- **HOW TO COMPLETE THIS TASK**: Without the pictures, copy all of the data exactly.

- **GIVEN INFORMATION**:
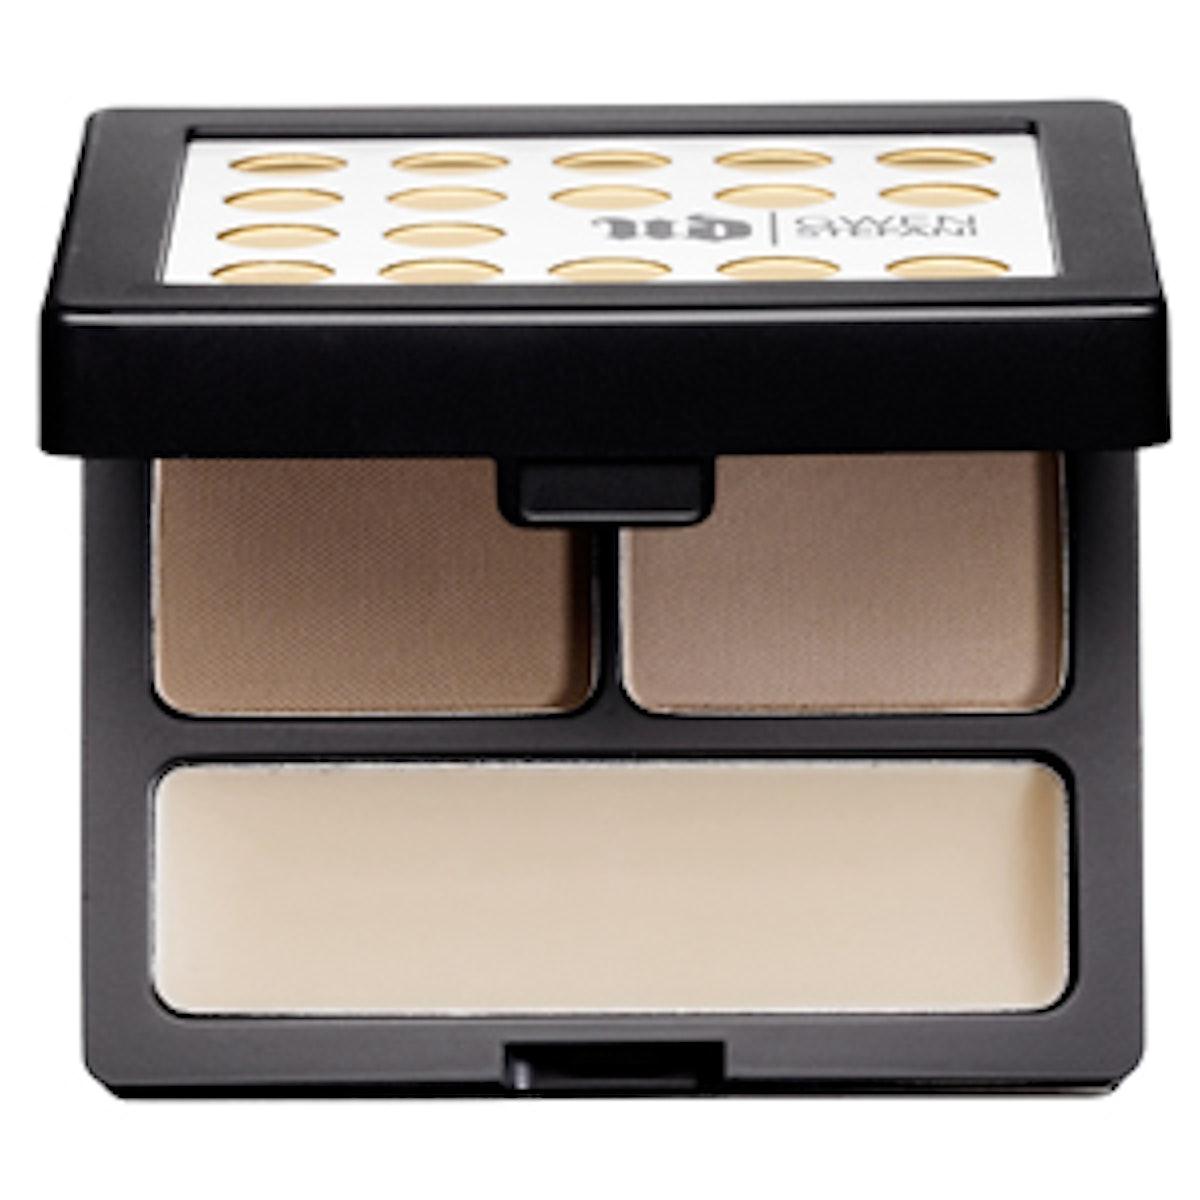 UD Gwen Stefani Brow Box
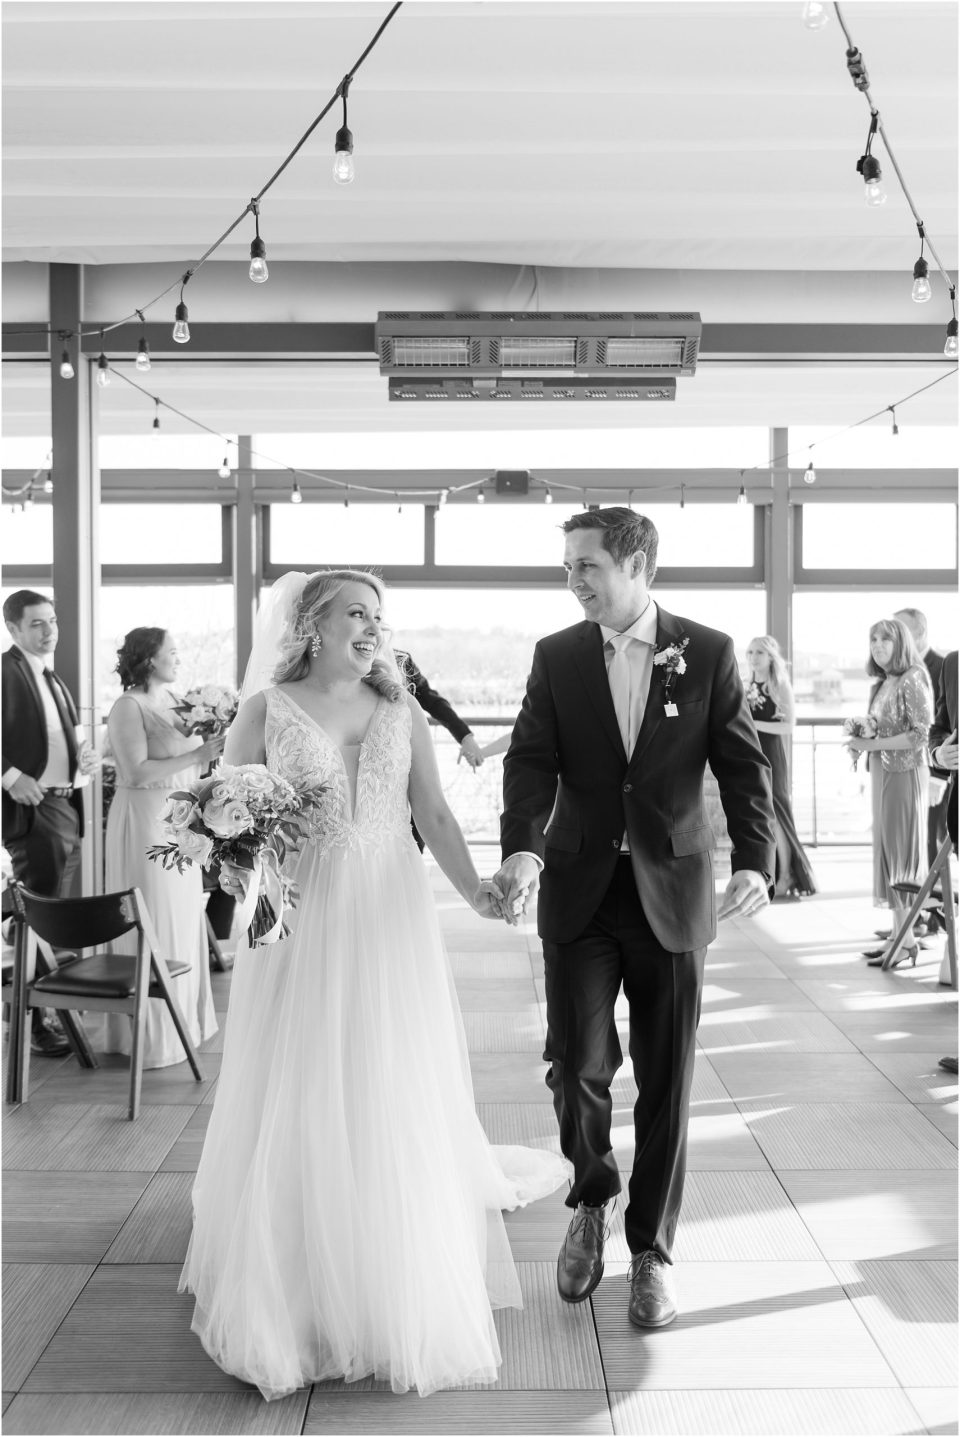 district winery wedding ceremony photo
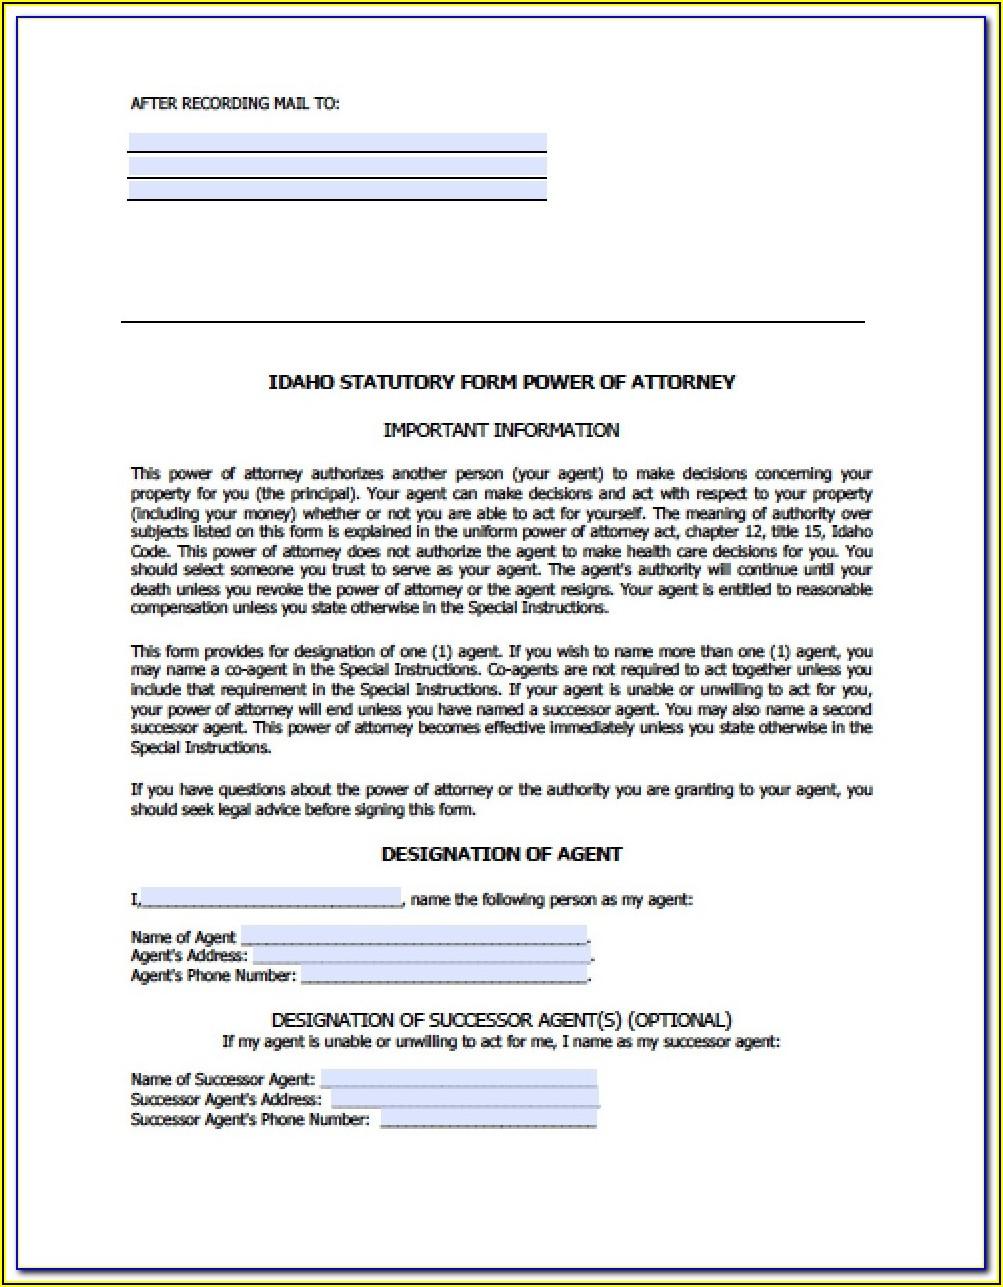 Idaho Statutory Form Of General Power Of Attorney
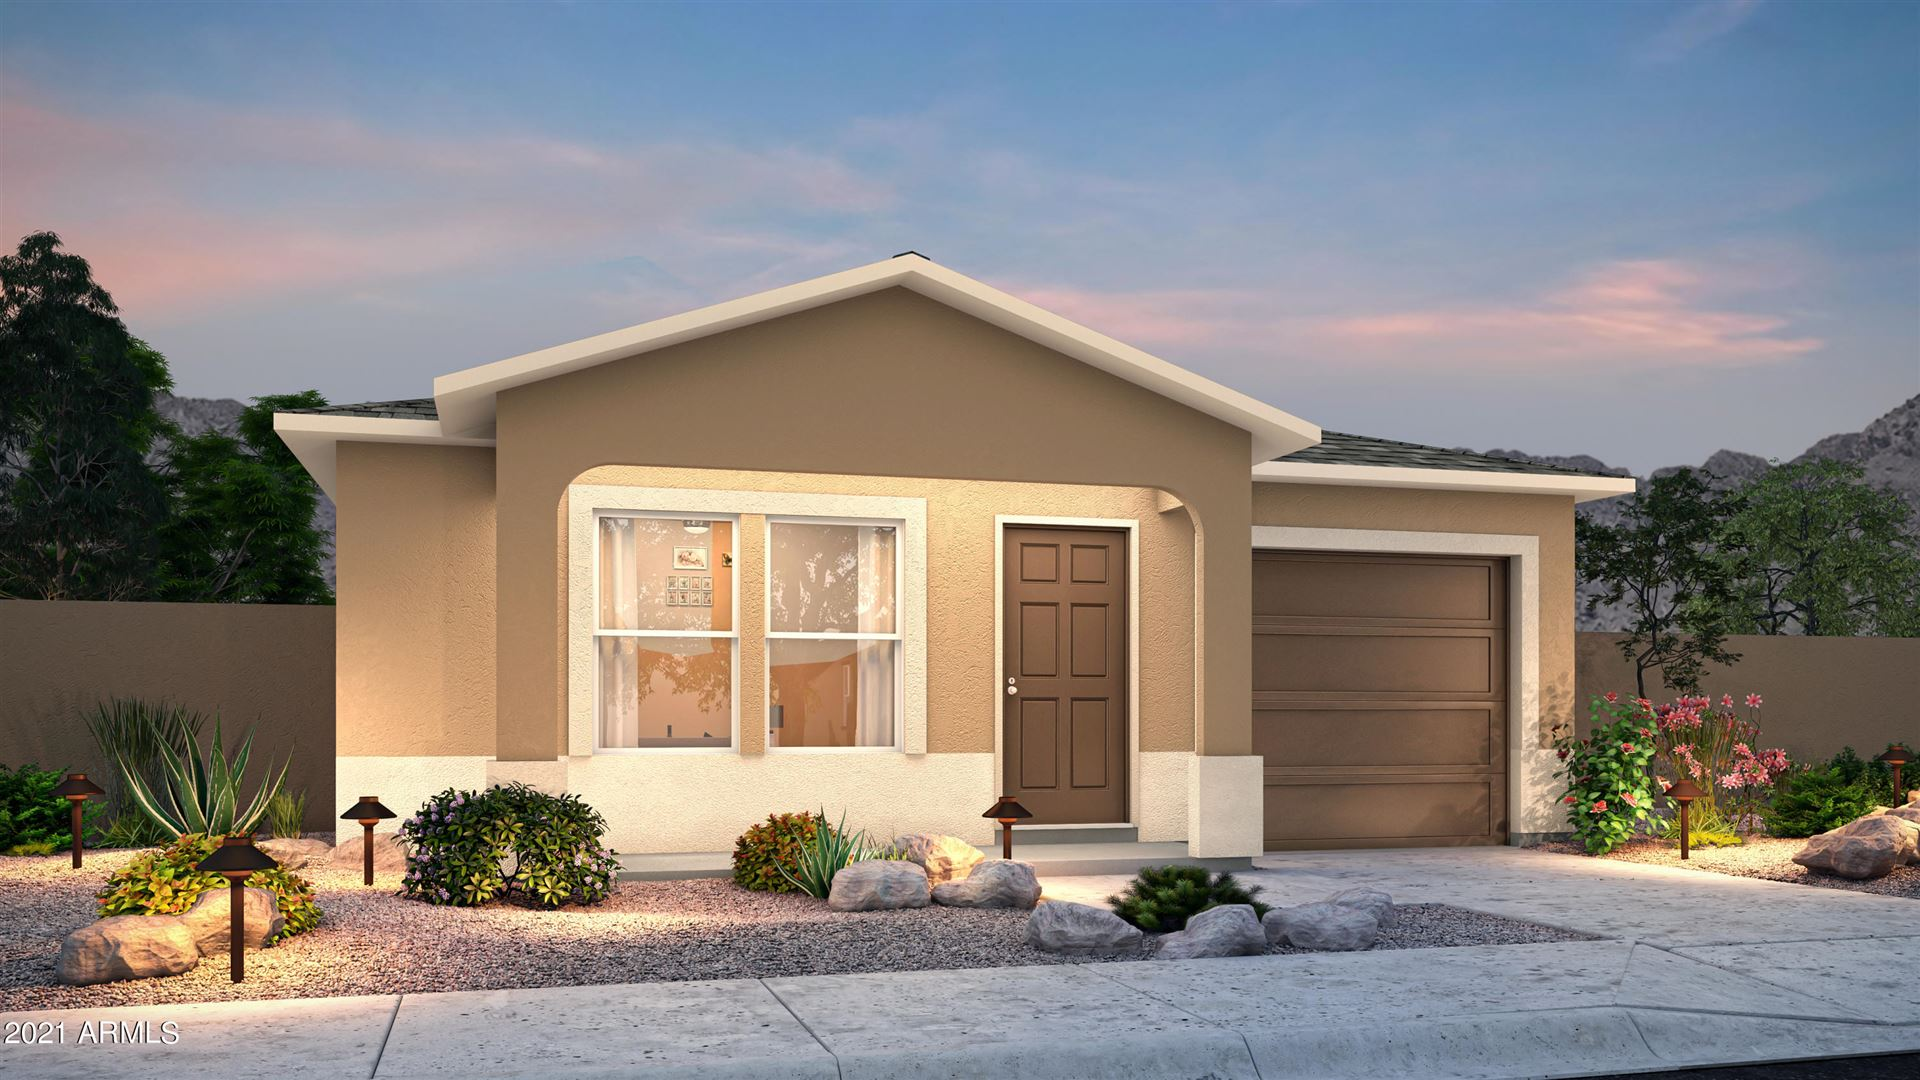 Photo of 463 W Hilquit Drive, Morristown, AZ 85342 (MLS # 6190361)

- **RESPONSE BELOW**:
 UD Gwen Stefani Brow Box
 district winery wedding ceremony photo
 Idaho Statutory Form Of General Power Of Attorney
 Photo of 463 W Hilquit Drive, Morristown, AZ 85342 (MLS # 6190361)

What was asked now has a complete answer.